==== Records

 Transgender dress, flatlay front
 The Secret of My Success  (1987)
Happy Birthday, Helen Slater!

========
==== Records

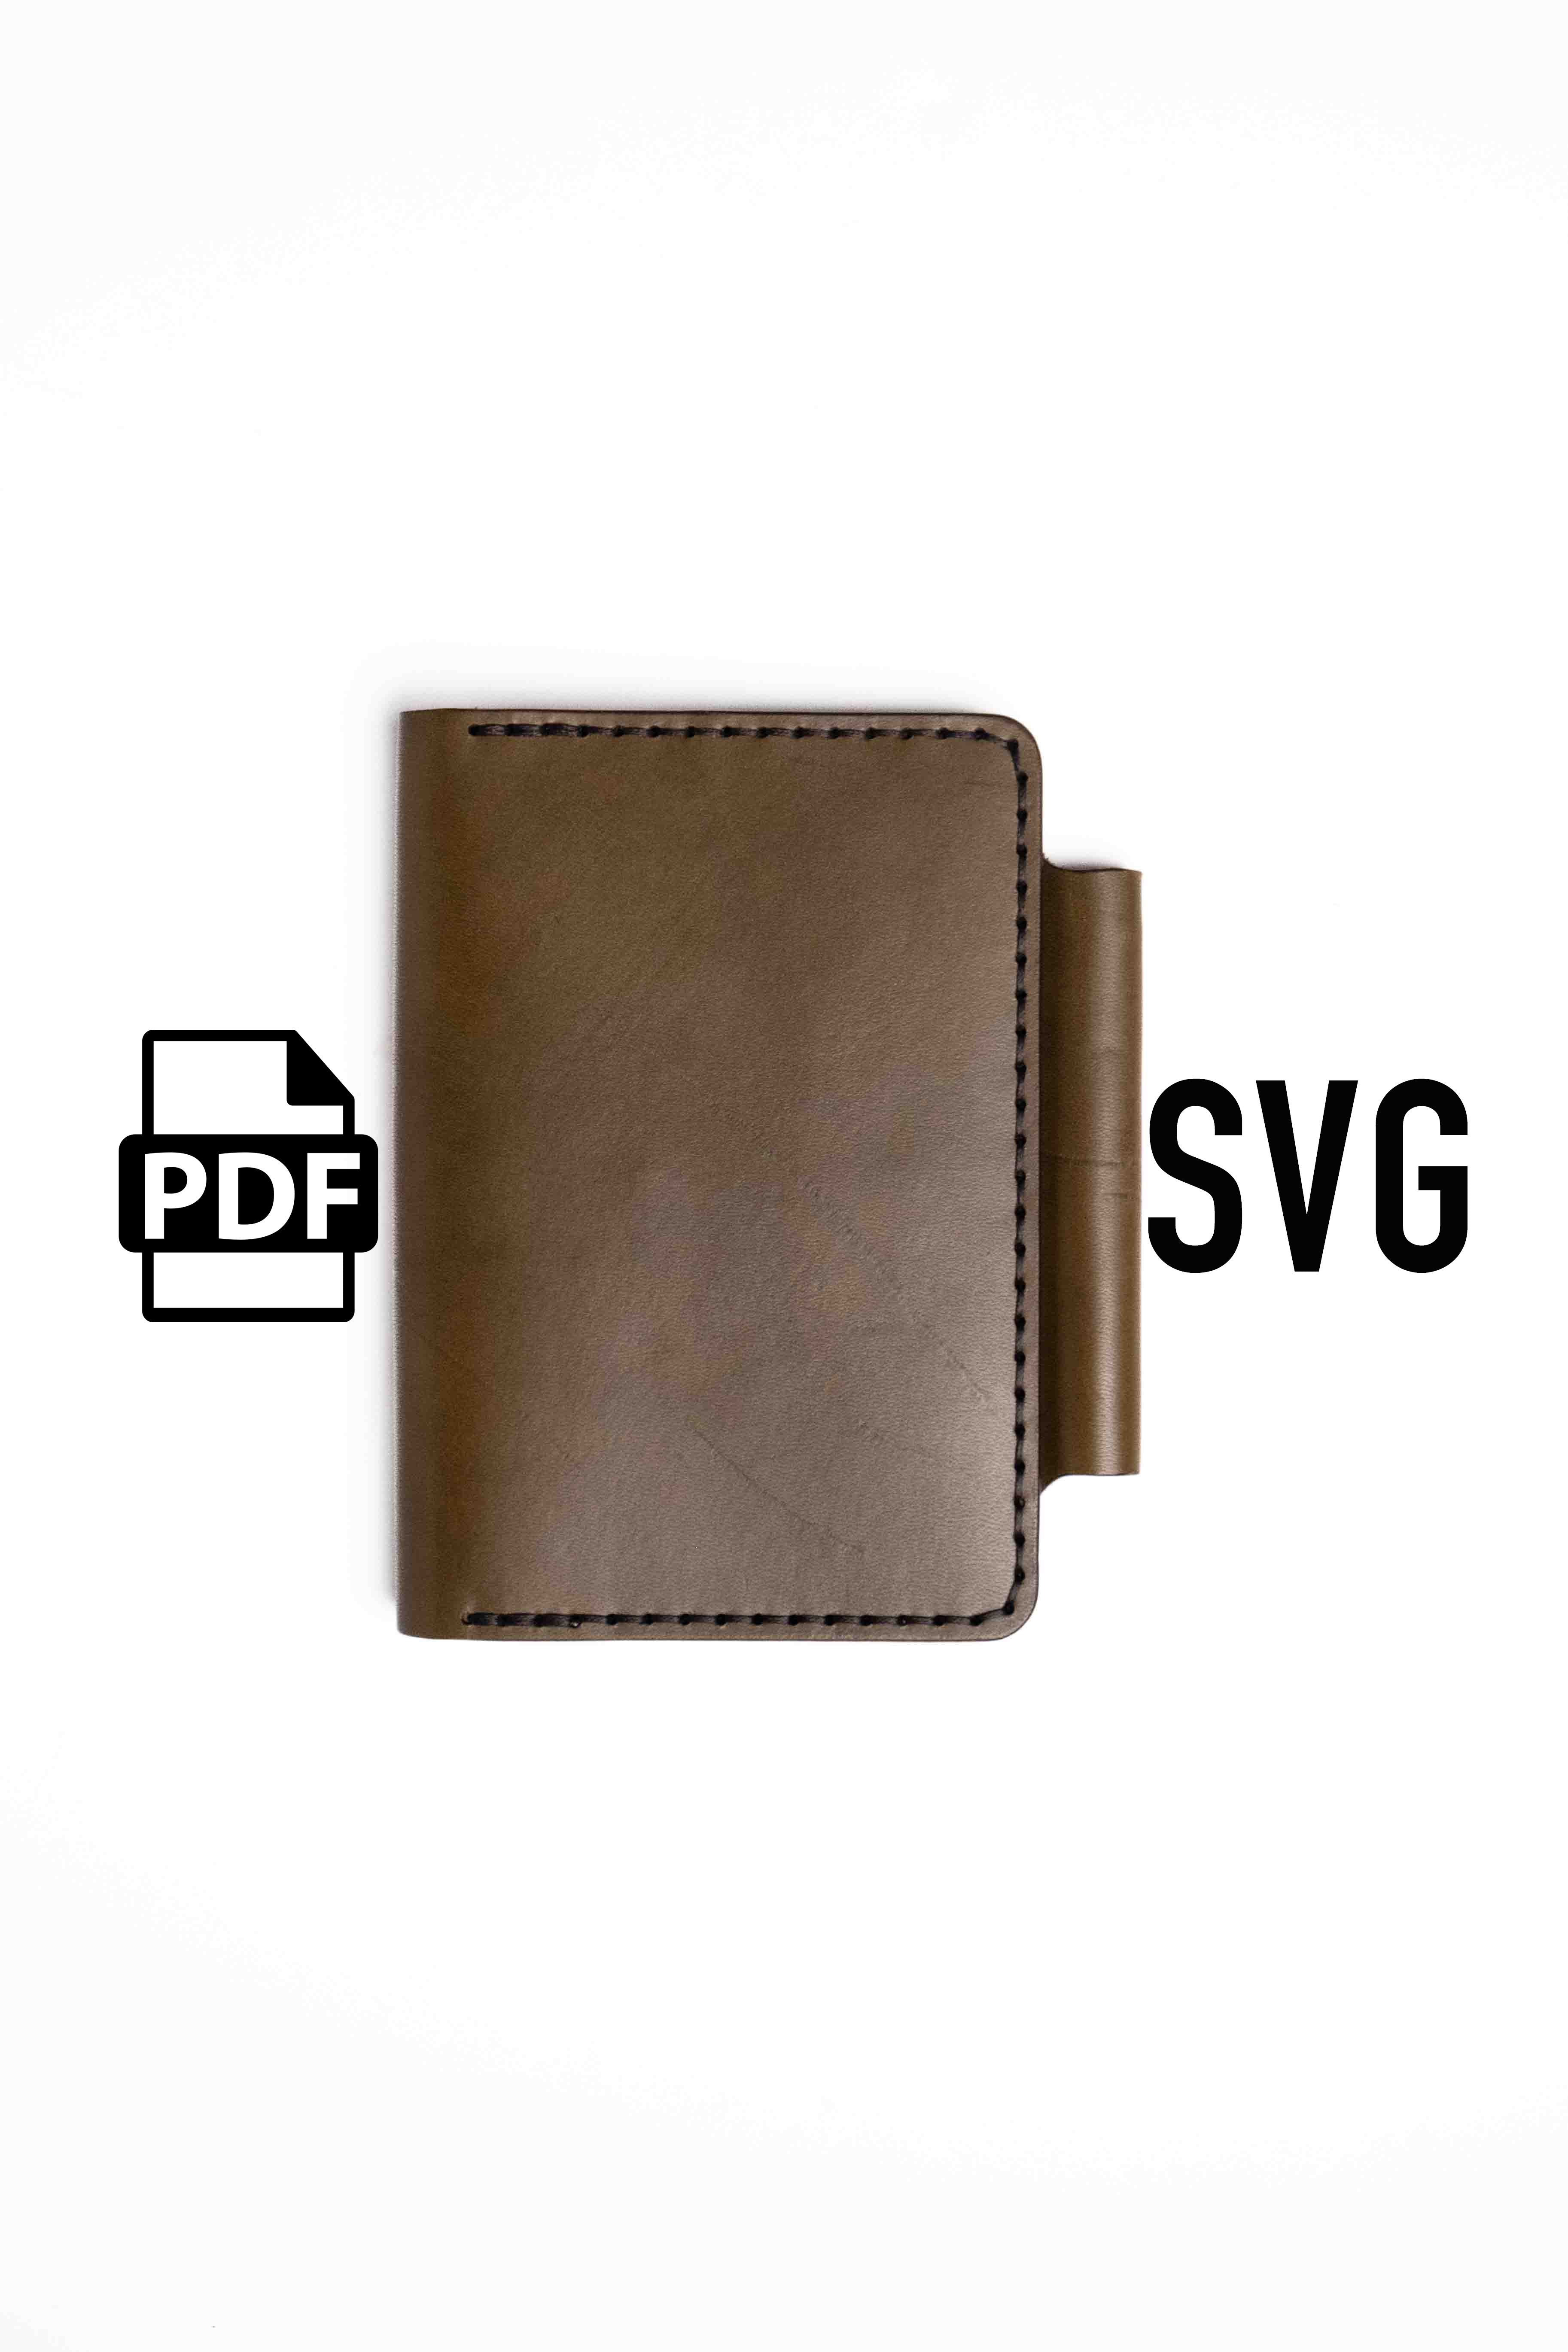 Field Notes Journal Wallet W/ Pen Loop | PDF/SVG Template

========
==== Records

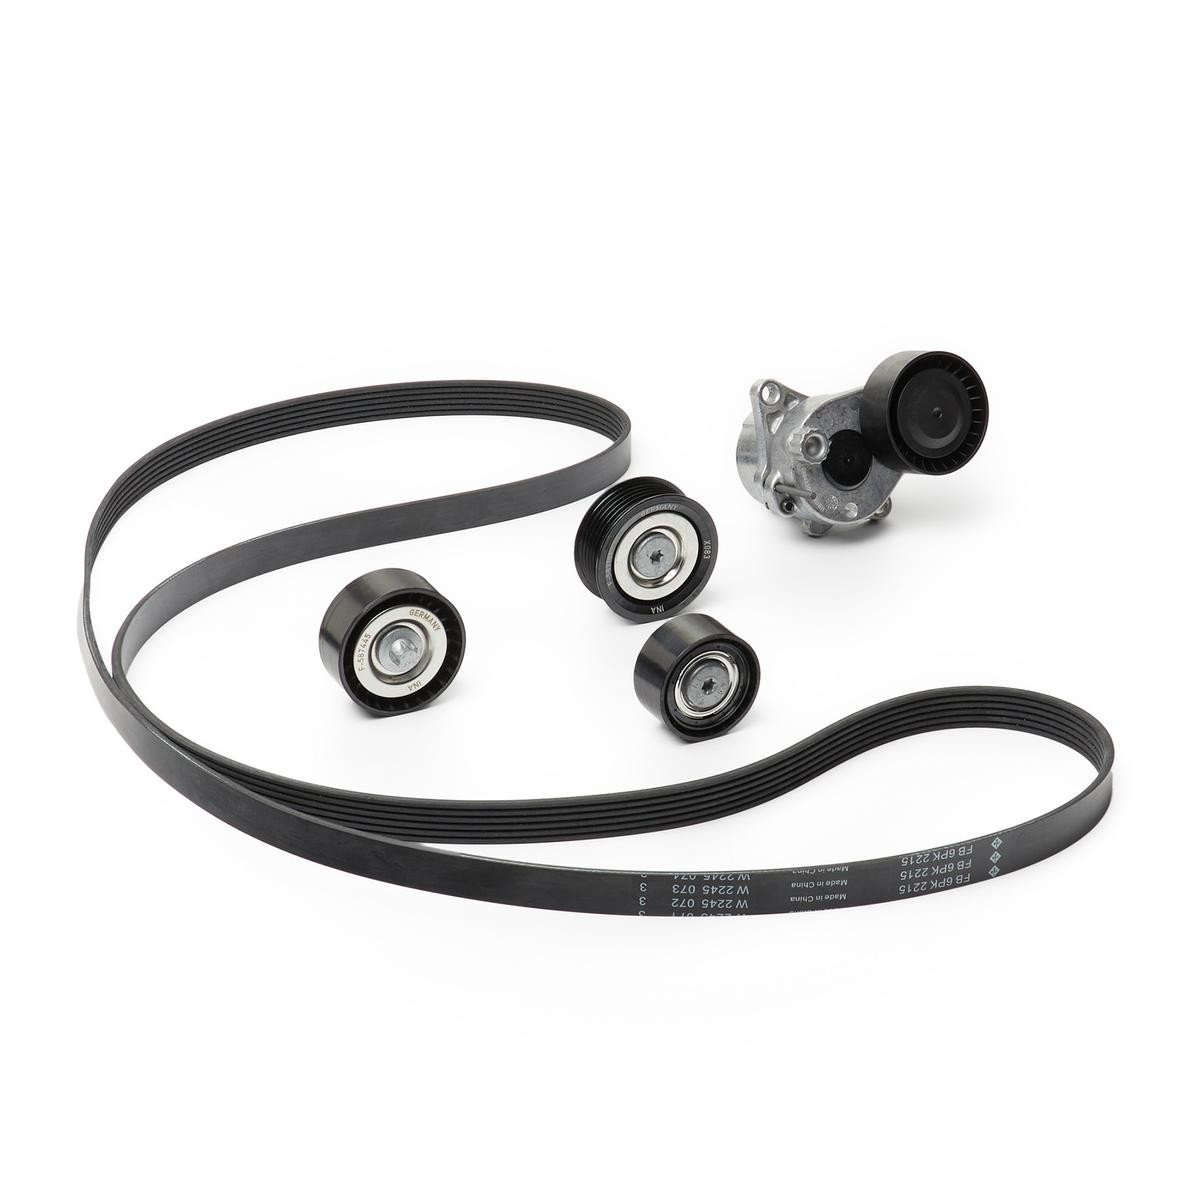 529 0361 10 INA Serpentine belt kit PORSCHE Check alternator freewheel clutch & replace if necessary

========

Task directions:
Using the entries above, output exactly the lines between the line holding "The Secret of" and the line holding "Happy Birthday, Helen Slater!", end lines included, and nothing more.

Response area:
 The Secret of My Success  (1987)
Happy Birthday, Helen Slater!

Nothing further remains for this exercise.